Let $K < G$ be a connected closed subgroup of dimension at least 1. It is thus comppact, but it is also Lie. From these properties, there is a nonzero $\xi \in Lie(K)$ generating a one-parameter subgroup of $K$ which is dense in $K$. (Indeed, as $K$ is a compact abelian Lie group, it is a torus, so it is a product of a number of circles of some periods and it suffices to choose $\xi$ with components which are incommensurable with those periods.) But $\xi$ acts on $M$ through the Hamiltonian $H_{\xi}$. It follows that the points $q \in M$ fixed by $K$ are the same as the critical points of $H_{\xi}$, a crucial observation.
Another crucial observation of Atiyah and of Guillemin-Sternberg is that for a Hamiltonian torus action, each Hamiltonian $H_{\xi}$ is either constant or a Morse-Bott function on $M$. In the latter case, the set of regular points of $H_{\xi}$ is an open dense subset of $M$.
If one assumes that the action is effective, then $H_{\xi}$ is not constant for $\xi \neq 0$. Combining this with the two previous paragraphs, we conclude that for any closed subgroup $K < G$ of dimension at least 1, the set of points in $M$ which do not have $K$ in their stabilizer is an open dense set of $M$.
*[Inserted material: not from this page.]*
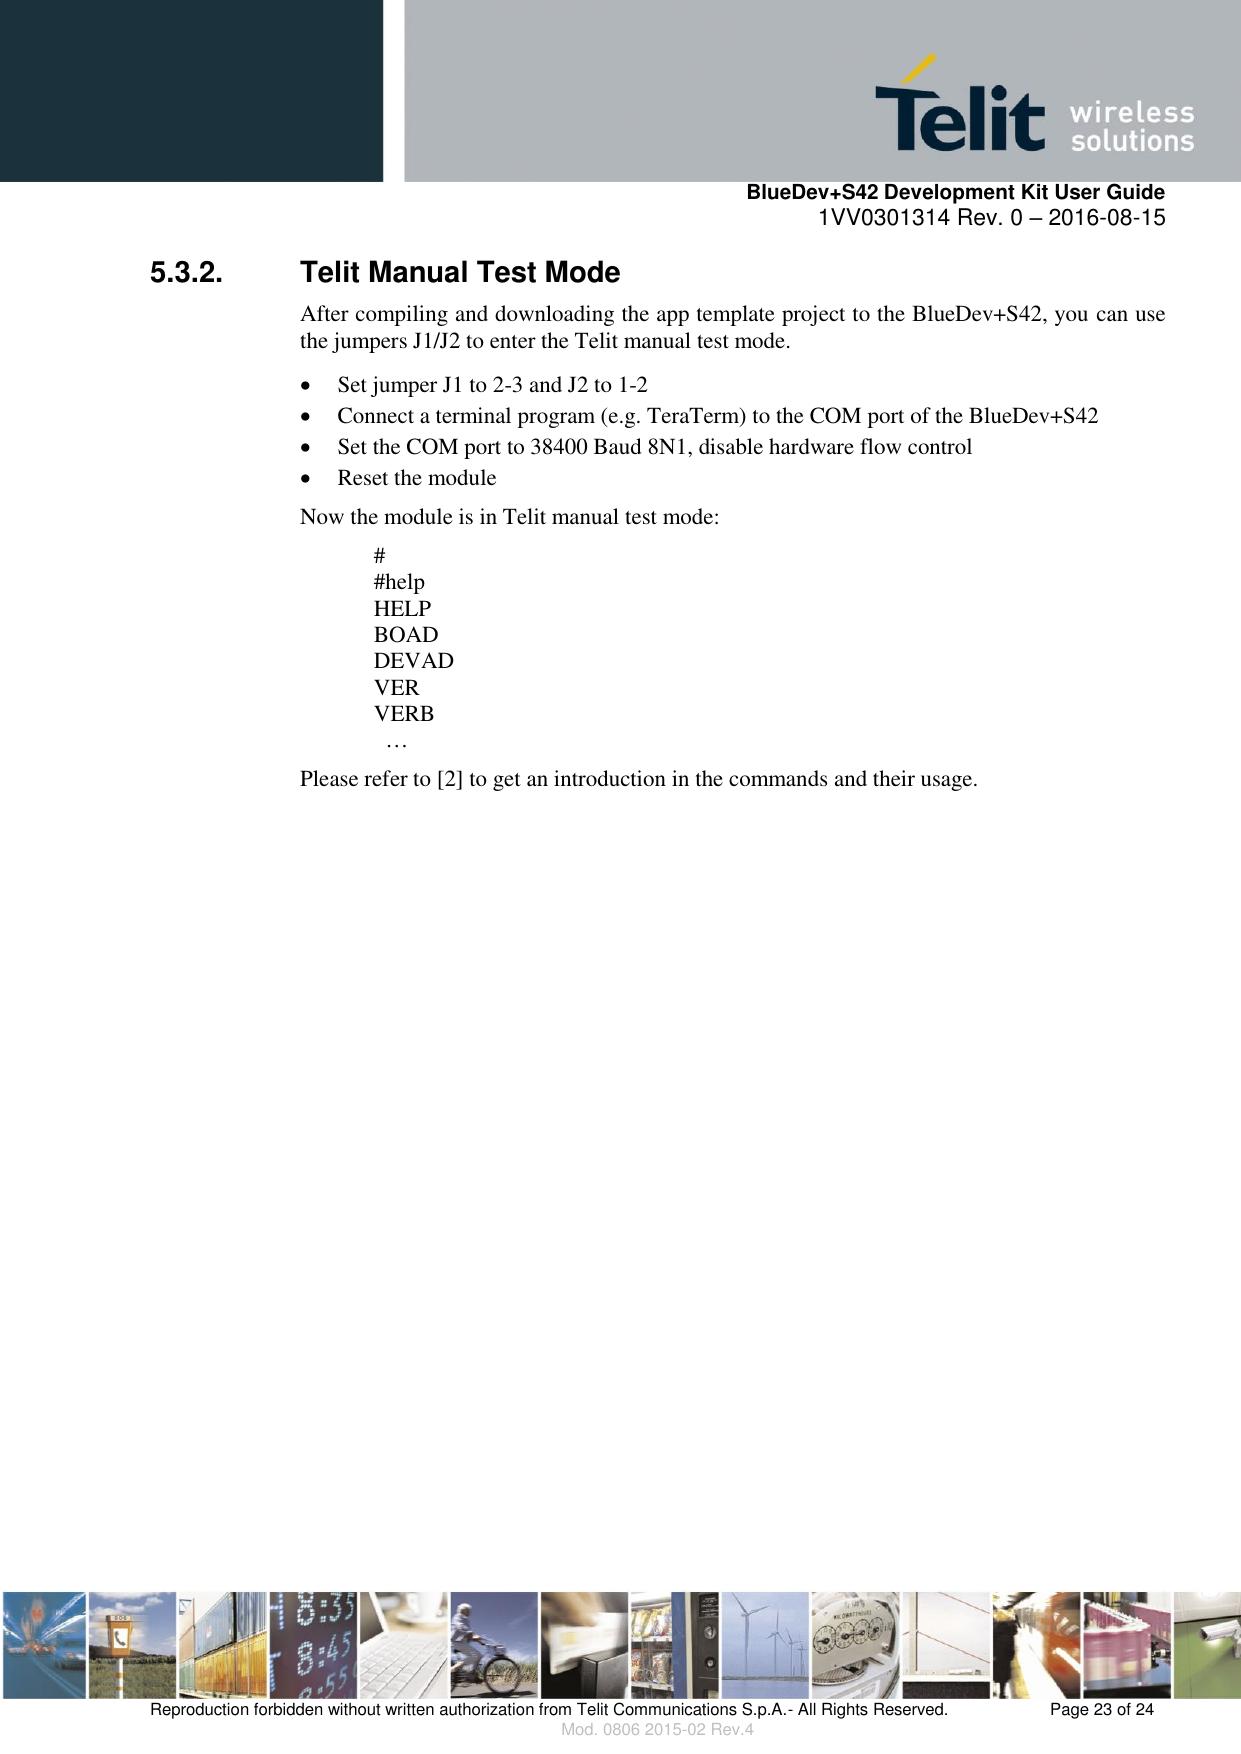 Development Kit User Guide Blue Dev+S42 R0

To conclude the argument, we need one last ingredient, which is to show that the collection of subgroups $K < G$ of dimension at least 1 appearing as stabilizers of the action is countable. Indeed, it would follow that the set of points $p \in M$ whose stabilizer is discrete is the intersection of countably many open dense sets, and would thus be itself dense according to the Baire category theorem.
To show that this collection is countable, there is two instructive ways:
1) Recall that stabilizers are compact Lie subgroups and have as such finitely many connected components. The number of closed connected subgroups $K < G$ is countable; this follows from arguing on the possible closure of one-parameter subgroups of $G$. Thus stabilizers subgroups belong to a countable family.
2) A result related to what Guillemin-Sternberg call the Koszul-Mostow theorem in their book Symplectic techniques in physics states that for a smooth group action by a compact Lie group on a compact manifold, the number of conjugacy classes of stabilizer subgroups is finite. When the group is abelian, it follows that the number of stabilizers is finite.